I know how to speak in tongues. I know it’s a language God made so the devil, aka Lucifer wouldn’t understand. I don’t understand. I know Lucifer is a smooth Zoot Suit wearing brother with swag and an ill ear for music. I know he loves jazz and bought Robert Johnson’s soul. I’m sure glad he did.
I know how to pray over someone who’s been betrayed or ill or depressed or hopeless. I know prayer is about speaking things into existence. Vibration is how sound travels. I know sound is the silver lining to how we communicate. I know people say things they don’t always mean.
I know we don’t mean what we say when we say it, but how we say it. I know realtors call haunted or homes possessed by ghosts when someone’s died stigmatized property. Photographs are documents we can choose to revisit moments in our lives and manipulate their memory. I know front porch swings are reminiscent of old southern plantation homes.

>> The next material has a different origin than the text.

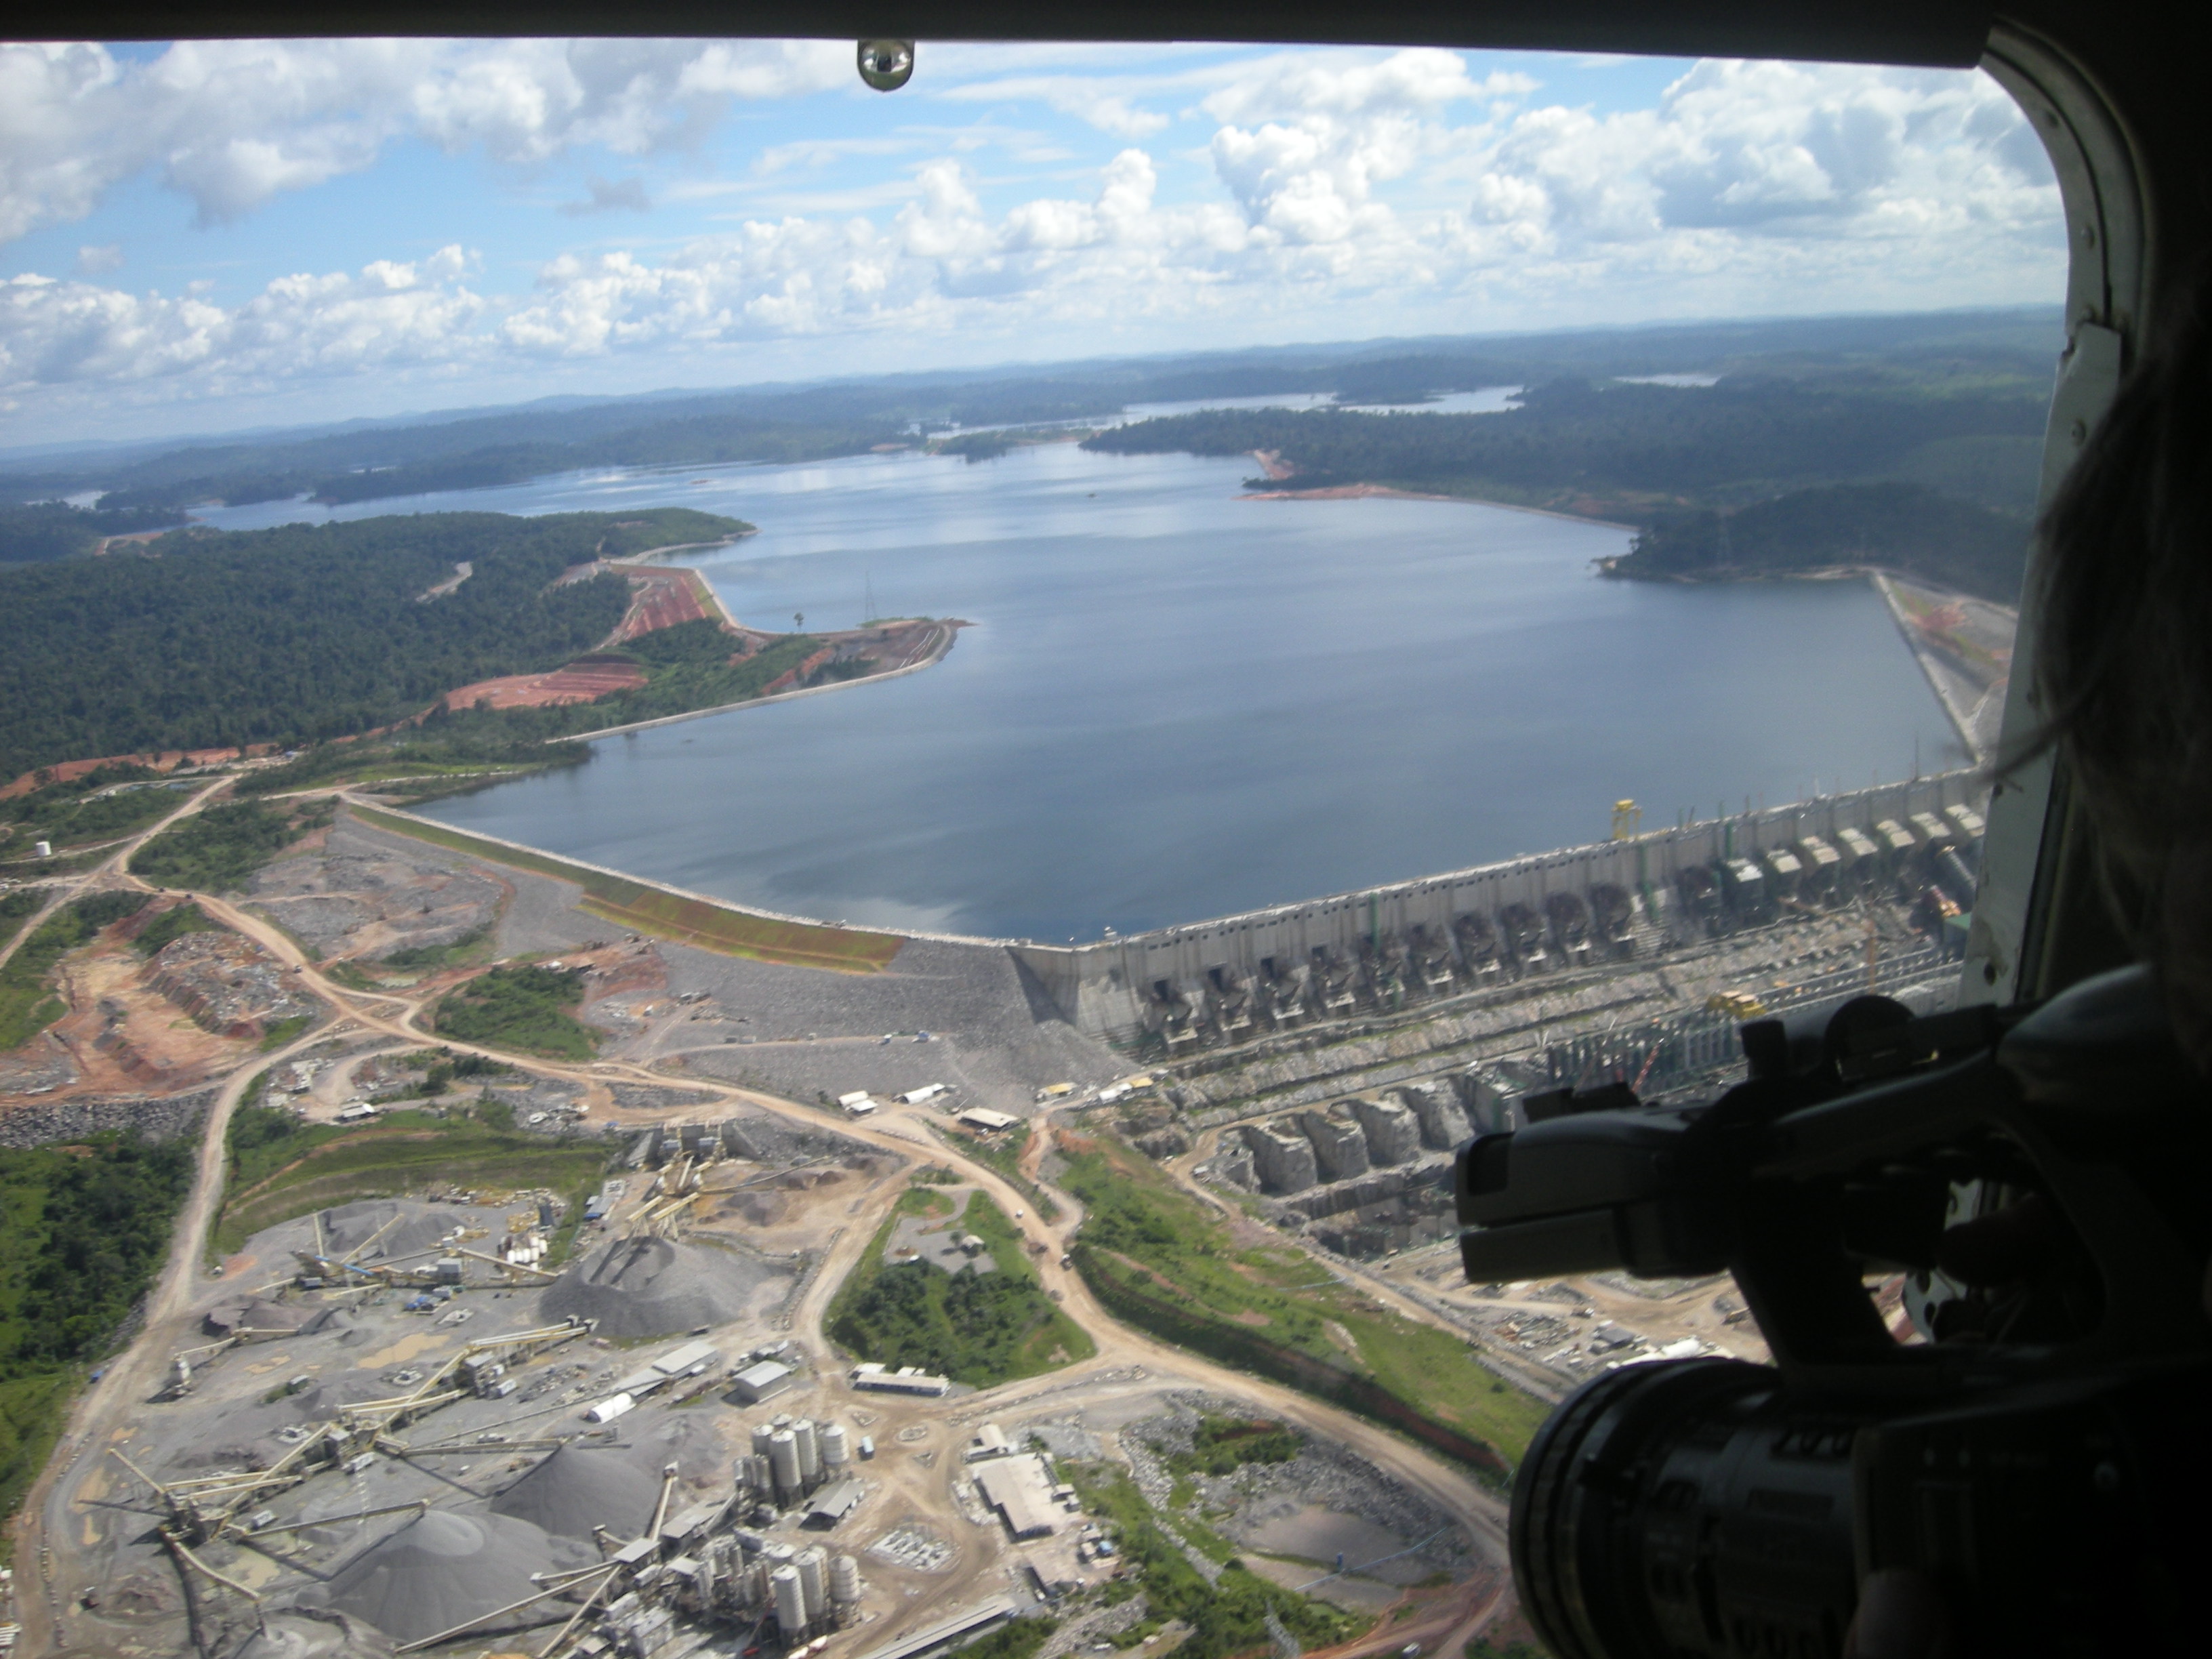 Der Stausee des gigantischen Kraftwerks in Belo Monte bedeckt eine Fläche so groß wie der Bodensee. Die Planung und der Bau wurden jahrzehntelang von Protesten begleitet

I know the mid-Atlantic slave trade fascinates me. I’ve imagined Goree Island before ever visiting it. Disillusionment is a hell of a drug. I wish I could have treated Harriet Tubman to dinner or a night on the dance floor.
I know each world has its own science and its own fiction. Time isn’t linear. No, space is not the distance between two variables, but more like an empty chest or rather the absence of objects, the lack of furniture in a room. Or better yet, the reason people separate into different homes, states or countries.
Sometimes into different arms and different beds, into different futures. I know abandonment is a boy named Jason in a halfway house who stutters when he reads his poems because his grandmother used to yell at him like a beaten up pit bull tied to a backyard fence in east New York.
I know Jack Smith taught me how to look at garbage differently. How to be strange and flamboyant. I know hands reach for things like doorknobs and buttons and breasts and cocks and slits and wrists. I know blood scabs under the sun, hospitals smell like spoiling bodies.
I know I don’t know very much outside of what I know, but this is all the unknowing.